Monday, February 25, 2019

In which the students come back with new samples, borough wise. Jenny explains the traps due to sampling bias and the basic types of sampling strategies.

It is Samantha who is always at the forefront of the class. She was leading seven other students in team Manhattan. Each of these eight students gathered data for 30 trees in Manhattan. So, they create eight different confidence intervals — representing the intervals from Manhattan. Samantha shows her example — the locations of the data that she gathered and the confidence interval of the true mean.

The 95% confidence interval of the true mean diameter \mu is \bar{x} - t_{0.025,(n-1)}\frac{s}{\sqrt{n}} \le \mu \le \bar{x} + t_{0.025,(n-1)} \frac{s}{\sqrt{n}}

“This sample may or may not contain the true mean diameter, but I know that there is a 95% probability of selecting this sample which when used to develop the confidence intervals, will contain the truth,” she said.

John was heading team Bronx. He followed Samantha to show the places he visited and the confidence interval from his sample. His team also had eight students, and each of them gathered data for 30 trees from the Bronx.

John strongly feels that he may be the unfortunate one whose confidence interval will not contain the truth. He may be one among the two. Let’s see.

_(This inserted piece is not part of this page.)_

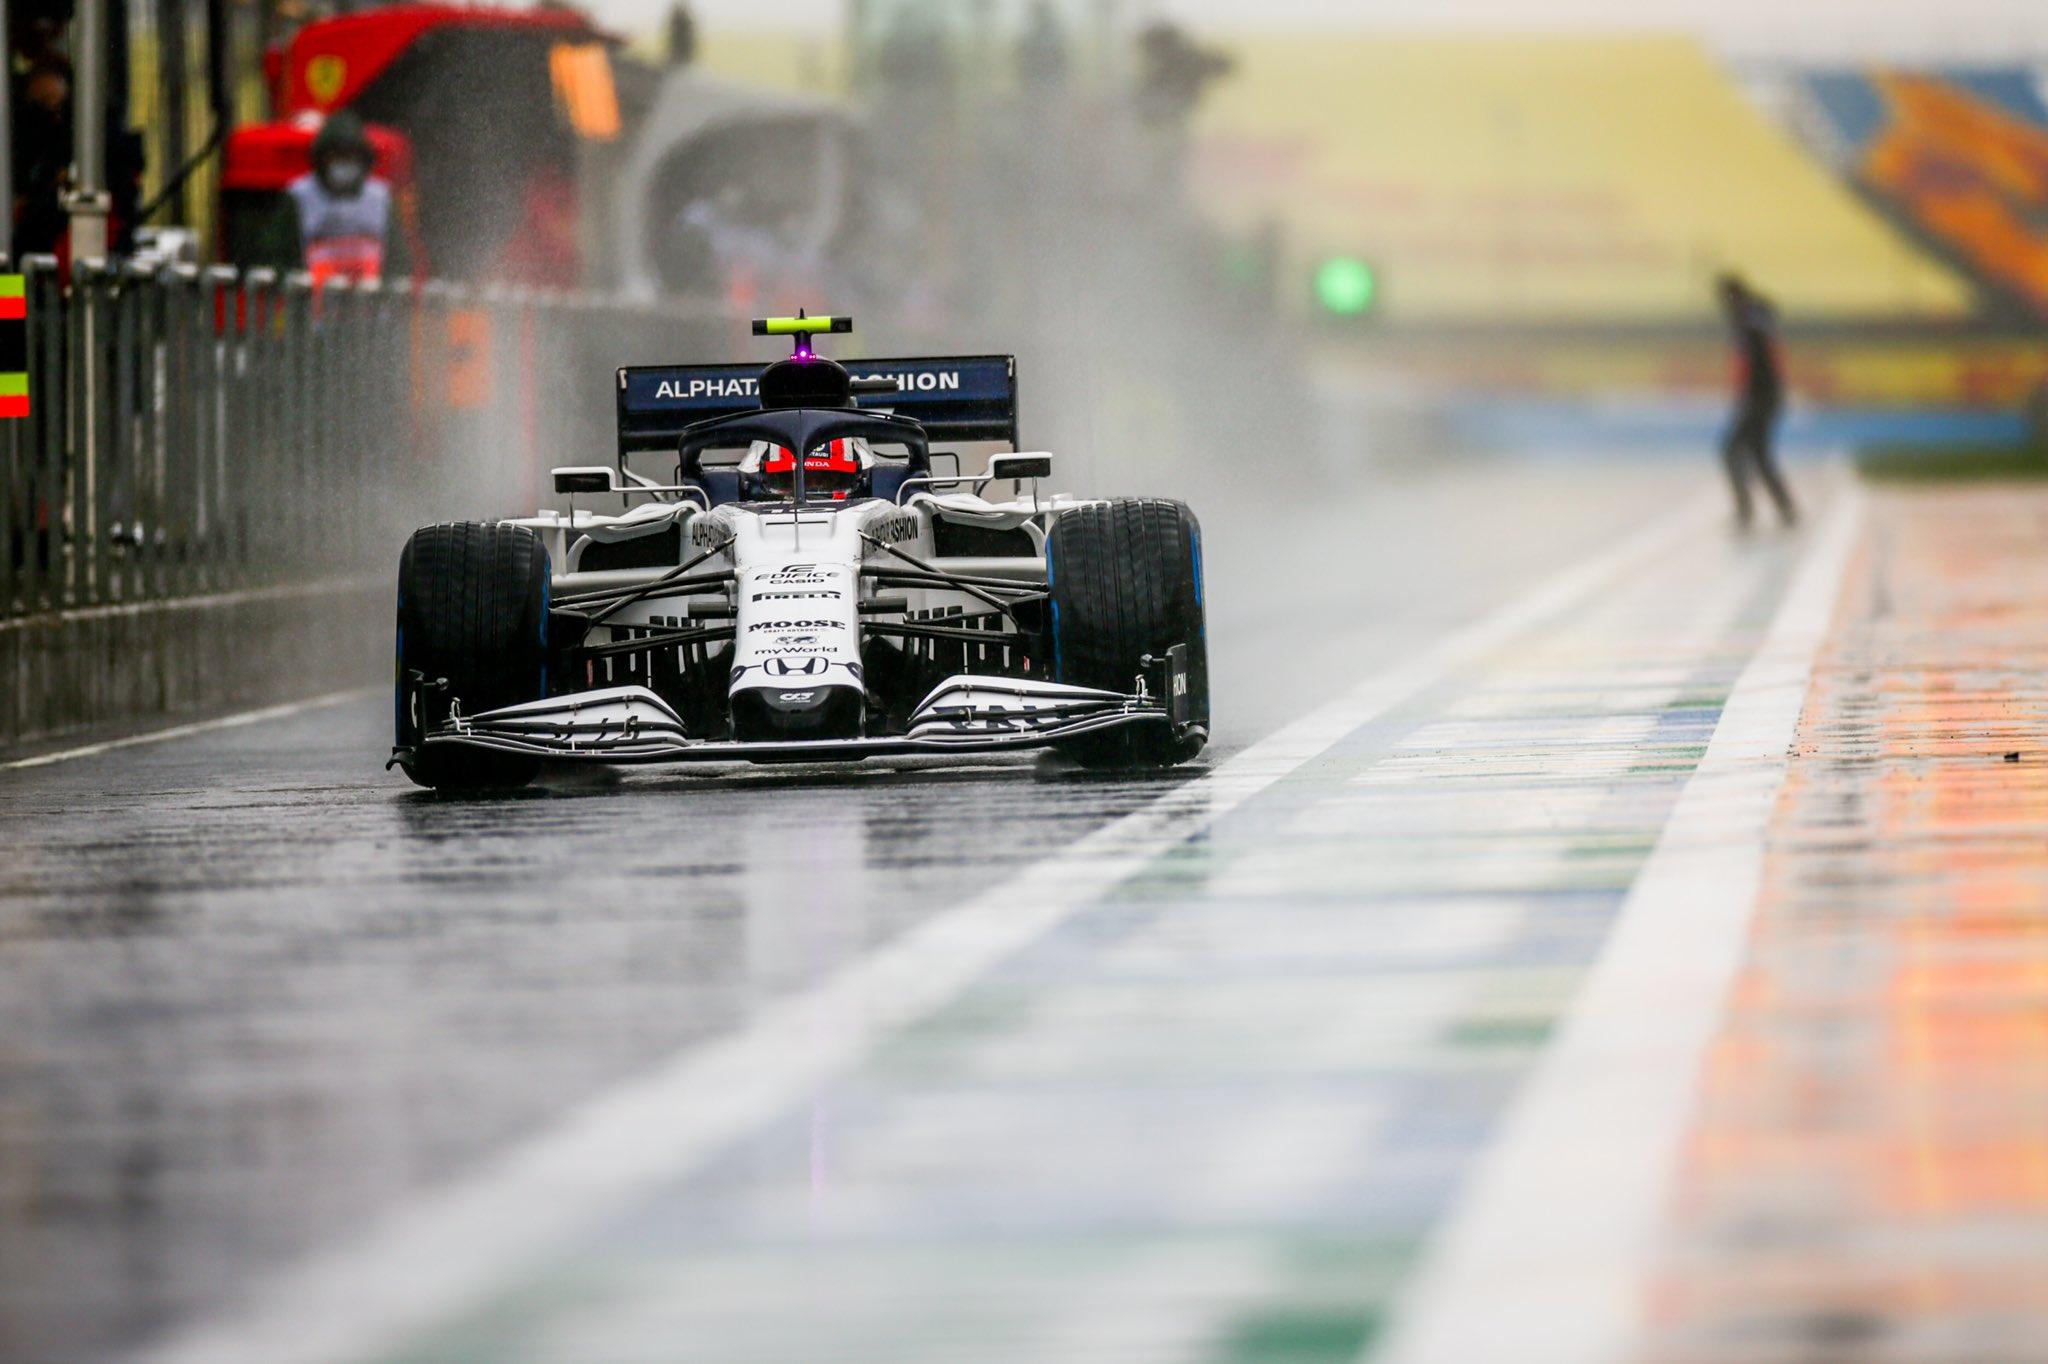 Les classements F1 2020 après le GP de Turquie 1

The leaders of the other three teams, Justin, Harry, and Susan also prepare their confidence intervals. They all go up to the board and display their intervals.

“From last week, we know that the approximation for the true mean \mu is 21.3575,” said Samantha as she projects the vertical line to show it. As you all know, Jenny showed last week that the sample mean was converging to 21.3575 as the samples increased. The principle of consistency.

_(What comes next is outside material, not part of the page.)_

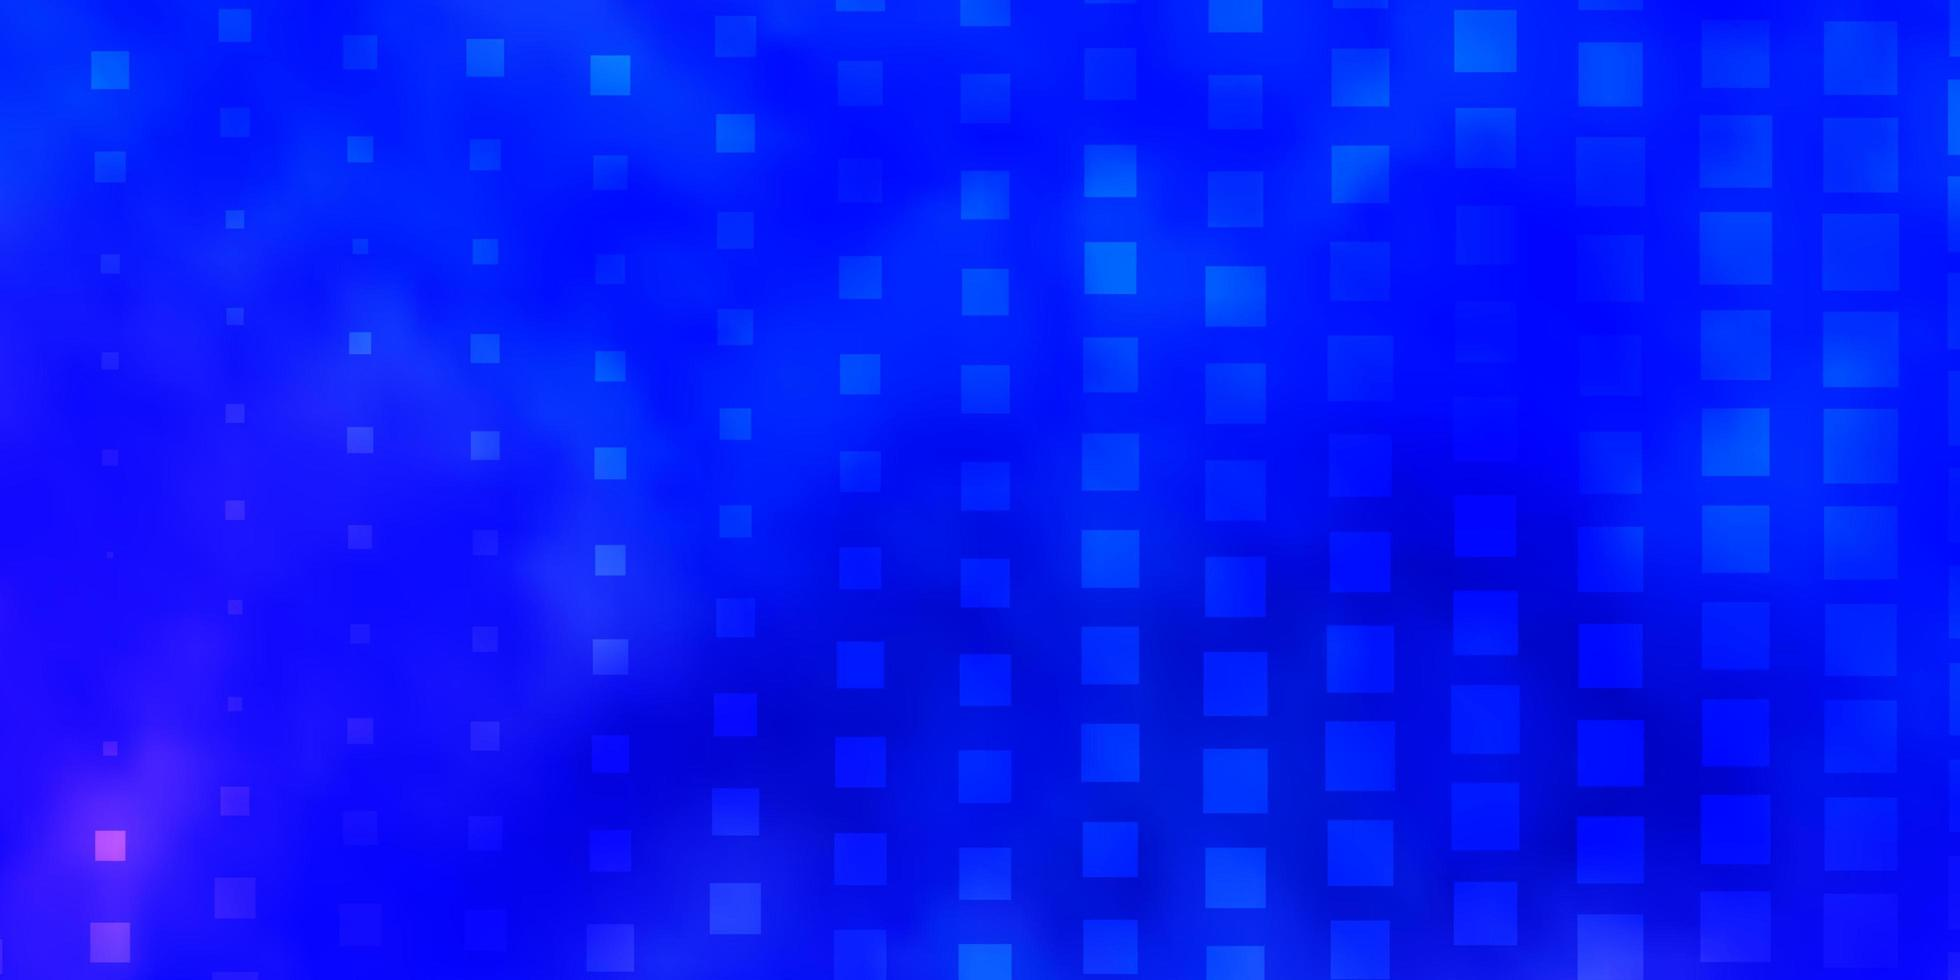 fond de vecteur bleu clair dans un style polygonal.

As they discuss among themselves, Jenny entered the room and gazed at the display. She knew something that the students did not know. But she concealed her amusement and passed along the file to collect the data from all 40 students.

Like last week, the students fill out the file with the data they collected, borough wise. The file will have a total of 1200 row entries. Here is the file. As you have rightly observed, the boro code column is now ordered since the file went from team Manhattan to team Staten Island.

Jenny used the same lines as last week to create a plot to display all the 40 confidence intervals.

Assuming that the file is in the same folder you set your working directory to, you can use this line to read the data into R workspace.

# Reading the tree data file from the students - boro wise #
students_data_boro = read.csv("students_data_borough.csv",header=T)

Use these lines to plot all the confidence intervals.

# Jenny puts it all together and shows #
# 40 students went to collect data from specific boroughs in NYC #
# Each student collects 30 samples #
# Each student develops the confidence intervals #

nstudents = 40
nsamples = 30

students = 1:nstudents

alpha = 0.95
t = alpha + (1-alpha)/2

sample_mean = matrix(NA,nrow=nstudents,ncol=1)
sample_sd = matrix(NA,nrow=nstudents,ncol=1)
ci_t = matrix(NA,nrow=nstudents,ncol=2)

for(i in 1:nstudents)
{
ind = which(students_data_boro$student_index == i)
sample_data = students_data_boro$tree_dbh[ind]
sample_mean[i] = mean(sample_data)
sample_sd[i] = sd(sample_data)
cit_lb = sample_mean[i] - qt(t,df=(n-1))((sample_sd[i]/sqrt(n)))
cit_ub = sample_mean[i] + qt(t,df=(n-1))((sample_sd[i]/sqrt(n)))
ci_t[i,] = c(cit_lb,cit_ub)
}

# Plot all the CIs #
stripchart(ci_t[1,],type="l",col="green",main="",xlab="Diameter (inches)",xlim=c(9,30),ylim=c(1,nstudents))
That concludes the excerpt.